Haven't been posting, me mind's been, other places, AND not places I want it to be! No sir! I wish I had me a no-thinkin' switch, just turn me nose or something and turn that damn ol' no-thinkin switch off, HALLE-BERRY, oopsey, sorry, sometimes it's harder than a hard-on, being me! (Oh! did I just say what I thinka I said???)  (( I meant to say hallelujah! Butt, butt, butt!!! The first a thing that come to me mind when I was typing h-a-l-l-e, ya see . . .  was well . . . I'm sure you men understand! Is that not a fine woman, or what?))

(((OKAY!!! I, A, GONNA EXPLAIN SOMETHUN TO YOU MY FRIENDS AROUND THE WORLD.)))

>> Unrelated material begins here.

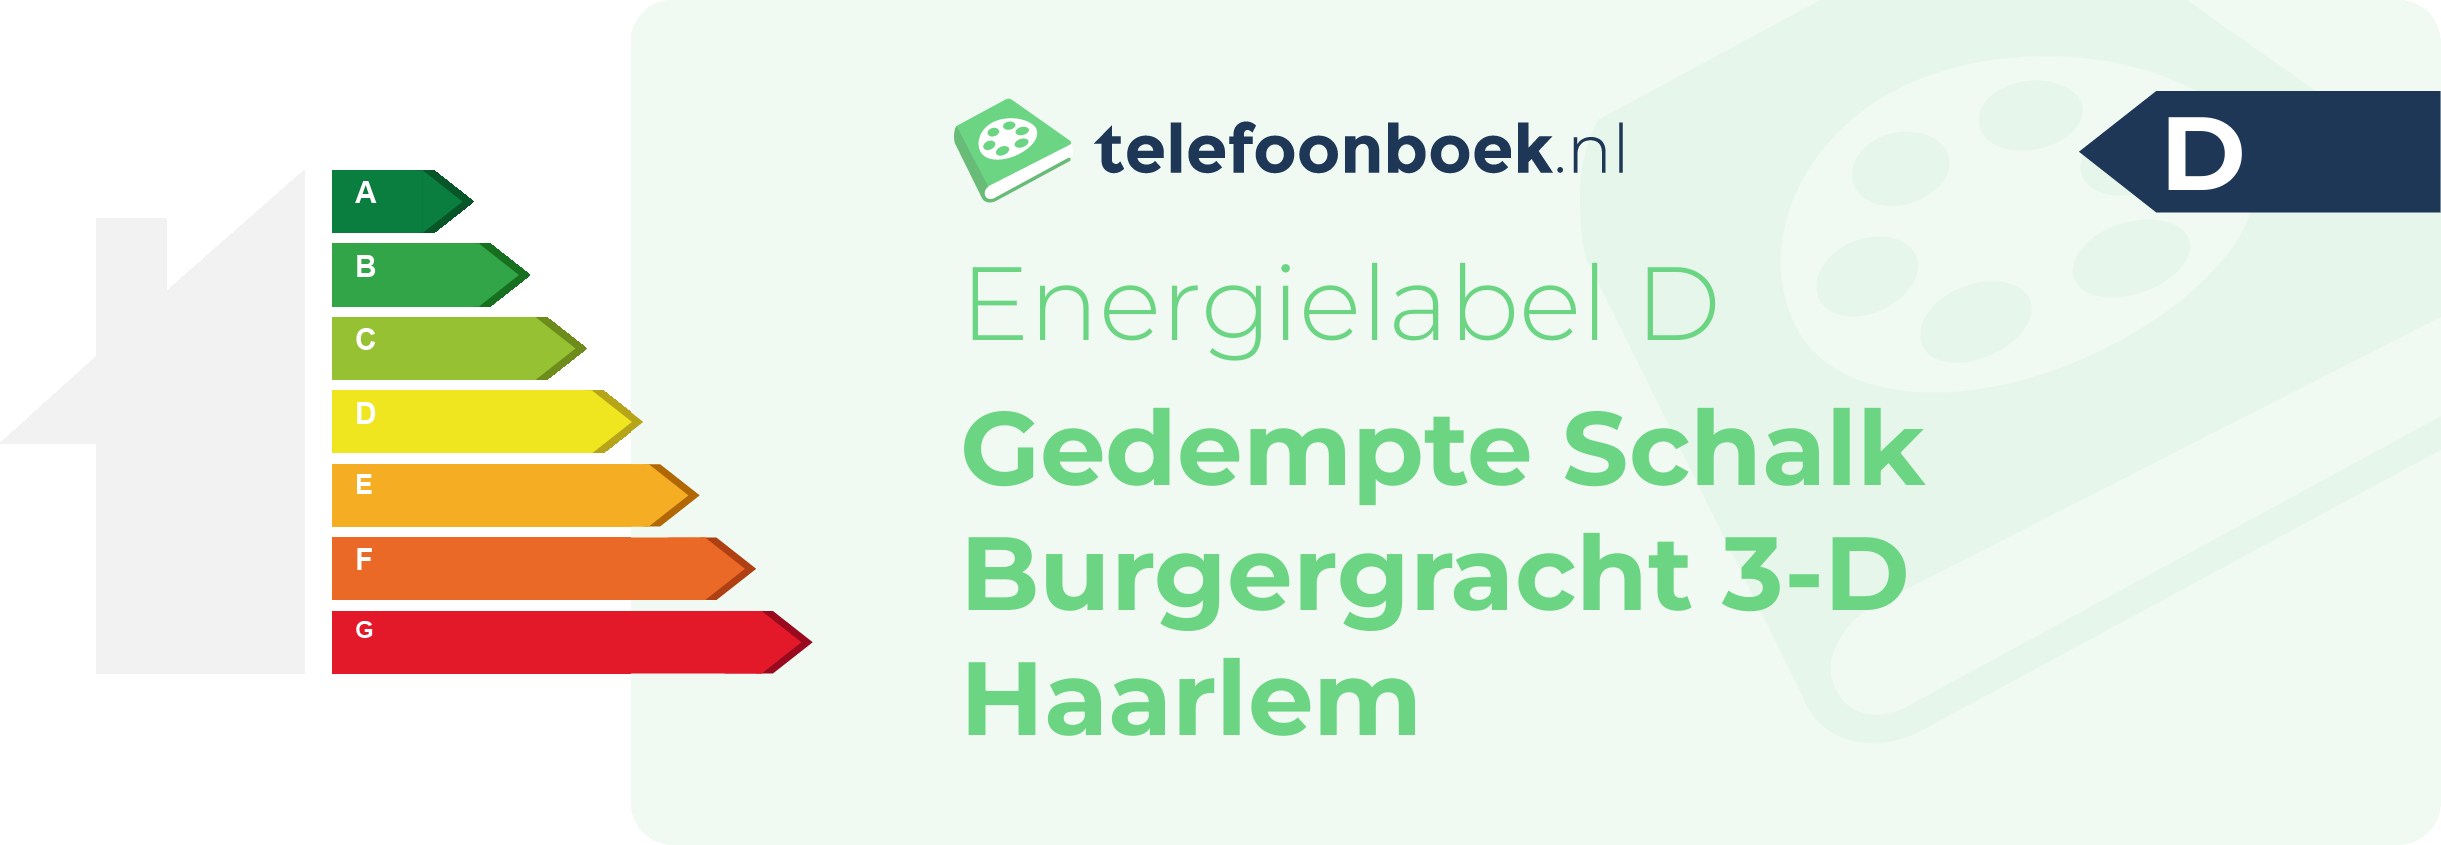 Energielabel Gedempte Schalk Burgergracht 3-D Haarlem

I had to take a temporary hiatus from my madness to do some bathroom stuff, old man = weak bladder, ya know. I was really thirsty and I drank one of them mighty, BIG ASS DRINKS! It were soo good! "How good was it?" Usually, I'll drink on it, till the thing gets watery then I'll throw it away, but it taste, soo good I drank it down, faster than I thought! I'mma feelin' GOOD and SILLY!

Ohh, what I wanted to tell you, I be a gettin' more hits, when I don't write anything, than when I post. WHOOM? I do find that i-n-t-e-r-e-s-t-i-n-g!!! Right at this here, very moment I be a getting, over 20 hits from France, several from, Germany and Russia. I love The Eiffel Tower! How the hell do you keep that thing standing, for so long? My ancestry dates back to Germany. My favorite author is from Russia, Fyodor Dostoevsky.  Thank you, thank you, thank you!!!!

I LOVE ALL MY FRIENDS FROM AROUND THIS BIG OL' HUNK OF ROCK! YES-SUM, I DO!!!!! 

WHOO-WEE!!!! TAHT THERE CAFFEINE, BE MAKIN' AN OLD MAN'S HEART A FLUTTERING LIKE A 18 YEAR OLD! WHERE'S MY WOMAN?